Zimbabwe’s Higher and Tertiary Education Minister Professor Amon Murwira has challenged institutions of higher learning to adopt international best practices and raise their overall institutional quality, including student accommodation, as a first step towards the development of a national institutional framework for the internationalisation of higher education.
In reference to the squalid conditions in which many students reside due to chronic shortages of campus accommodation, Murwira told a conference, held last week in Harare and focused on internationalisation of the sector, that the system needs to construct infrastructure that conforms to international standards before it can invite students and staff as part of internationalisation initiatives.
“We are also saying if you want to be truly international, we cannot have our students studying in holes. Surely you cannot claim to be international when your students are sleeping 10 to a room … Infrastructure development is a very important component of internationalisation,” said Murwira.
Murwira said the country’s higher and tertiary education system must also have predictable order, be transparent and harmonised. “We no longer want an opaque system. If you want to be trusted, be transparent,” he said.
Investor interest
The minister said the higher education sector can raise billions of dollars and build its own infrastructure following renewed investor interest in the sector and responsible deployment of available resources such as the Zimbabwe Manpower Development Fund.
“I know that we are going to raise billions of dollars and the higher and tertiary education sector shall be an area of growth in the economy, creating infrastructure, innovations, economic opportunities and jobs for export. I’m dreaming of a future where the sector becomes the prime export industry.”
He said when the country has transparent education systems, relevant skills, infrastructure that is top-notch and has adopted international best practices in everything it does, then it was ready for the world.
As a strategy to promote internationalisation, Murwira said his ministry had facilitated the development of a National Qualifications Framework that will harmonise learning programmes and learner mobility within and outside Zimbabwe, and a National Skills Audit, the results of which show an urgent need to bridge the skills gaps. The two initiatives will be launched in the coming weeks.

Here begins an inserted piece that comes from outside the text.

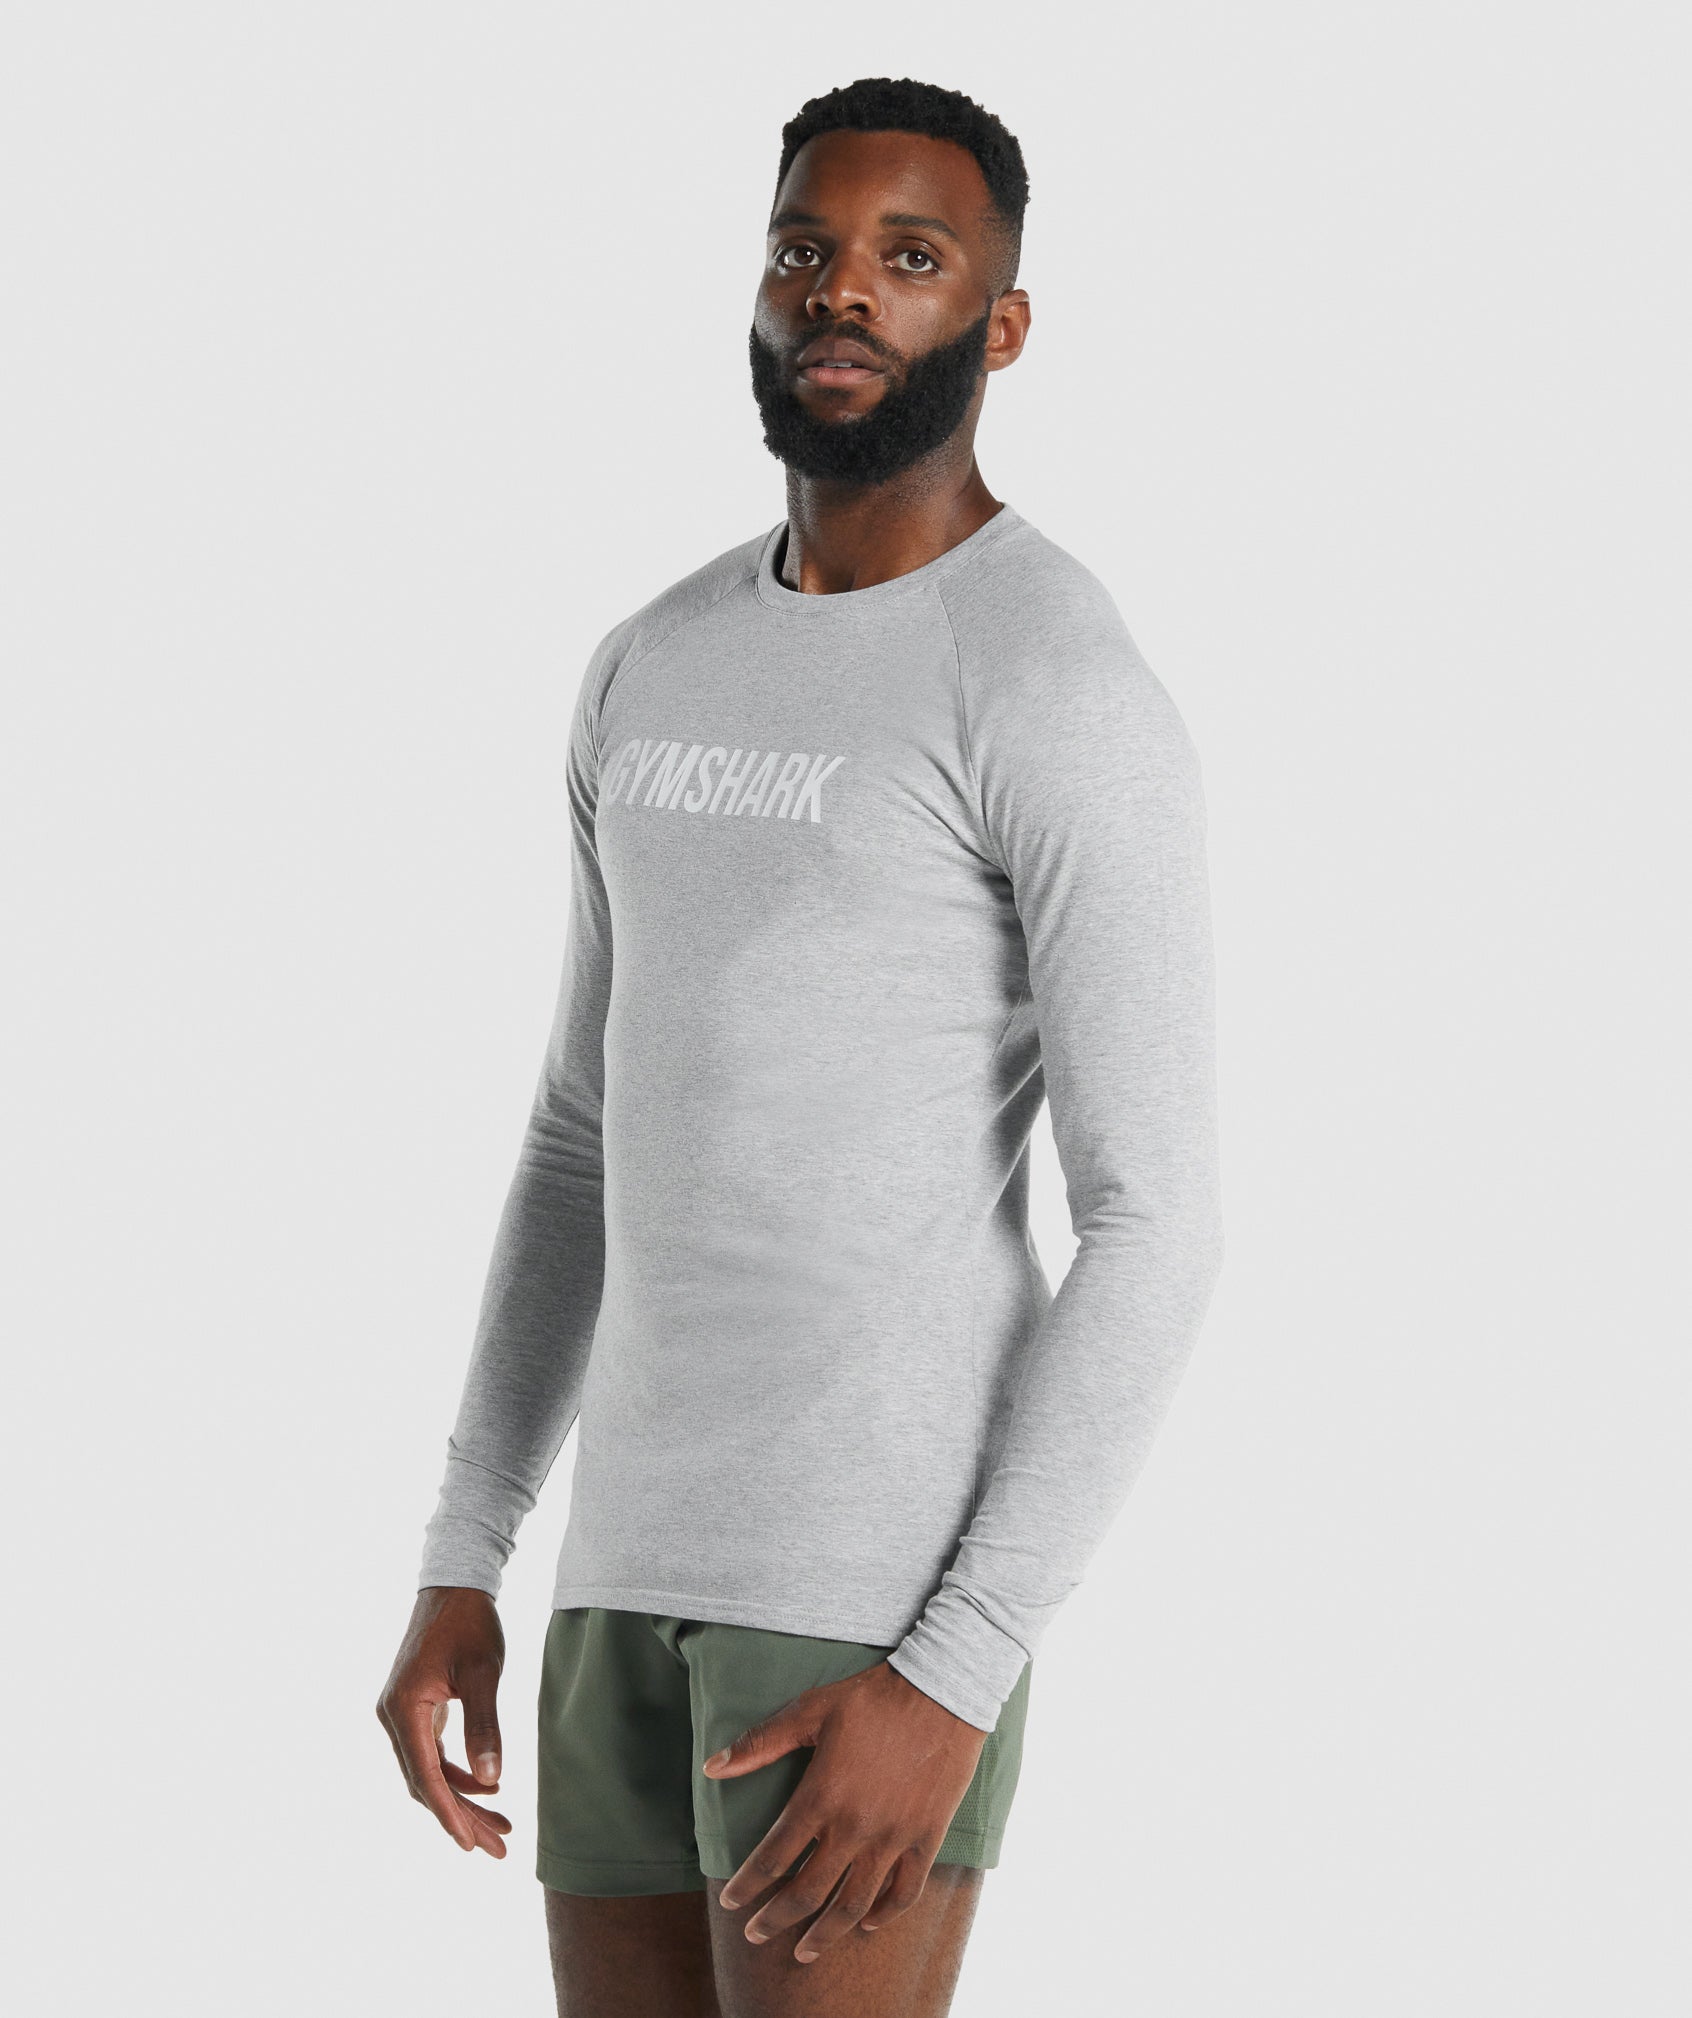 Apollo Long Sleeve T-Shirt in Light Grey Marl - view 4

Progression and standardisation
“The National Skills Audit is showing us that although we have high education levels, our skills levels are only at 38%. Also, our system was not very fair: when one finished a course at a polytechnic or teacher training college and then went to university, one would be treated like an Advanced Level student. The system must recognise work being done by other components of itself. We want to ensure there is progression and that our courses are standardised across the system. Every degree must have a professional body,” he added.
Dr Evelyn Garwe, acting director of the Zimbabwe Council for Higher Education, the country’s higher education regulator, which is overseeing the internationalisation process, said university vice-chancellors met last year and developed a theory of change on internationalisation of higher and tertiary education.
She said the internationalisation of higher and tertiary education entailed the recruitment of foreign students, fostering active partnerships with foreign institutions, sending students to study abroad, setting up overseas campuses for local institutions, international research collaborations, engagement in global enterprise development and participation on international platforms for teaching and research.
Professor Ranga Zinyemba, vice-chancellor of Chinhoyi University of Technology, said universities had come up with “tangible outputs” to achieve internationalisation.
“As universities we have come up with tangible outputs to achieve our goal to internationalise. This includes attractive programmes, favourable immigration and government policies, systems which give foreign staff the ability to remit money, political stability and having our staff publish in high impact journals,” he said.
Furthermore, universities must develop harmonised programmes and achieve favourable international rankings, he said.
In response to the minister’s comments, Zinyemba said the higher education sector was clearly dissatisfied with its current state and condition, but with clear vision, commitment, togetherness, friends and experience, it could triumph over its challenges.
Challenges
Dr Juliet Thondhlana, researcher at the University of Nottingham in the United Kingdom, who conducted a scoping study on internationalisation of higher and tertiary education in December 2017 covering six of the country’s 24 universities, said many universities were already engaged in internationalisation activities and had some internationalisation structures, but many of them were facing challenges.
“Some of the challenges include the political environment, sanctions, different entry requirements from other institutions of higher learning in the Southern African Development Community region and beyond, immigration controls, financial constraints, language barriers, shortages of lecturers with PhDs and a lack of harmonised guidelines on internationalisation of higher education that universities can follow to come up with their own institutional policies,” said Thondhlana.
To achieve internationalisation, the universities called for policy guidelines, a national internationalisation policy, internationalisation structures such as international offices, and overseas campuses.
“It was felt that if these tools can be secured, Zimbabwe would then have an increased presence of international students and staff, and mobility.”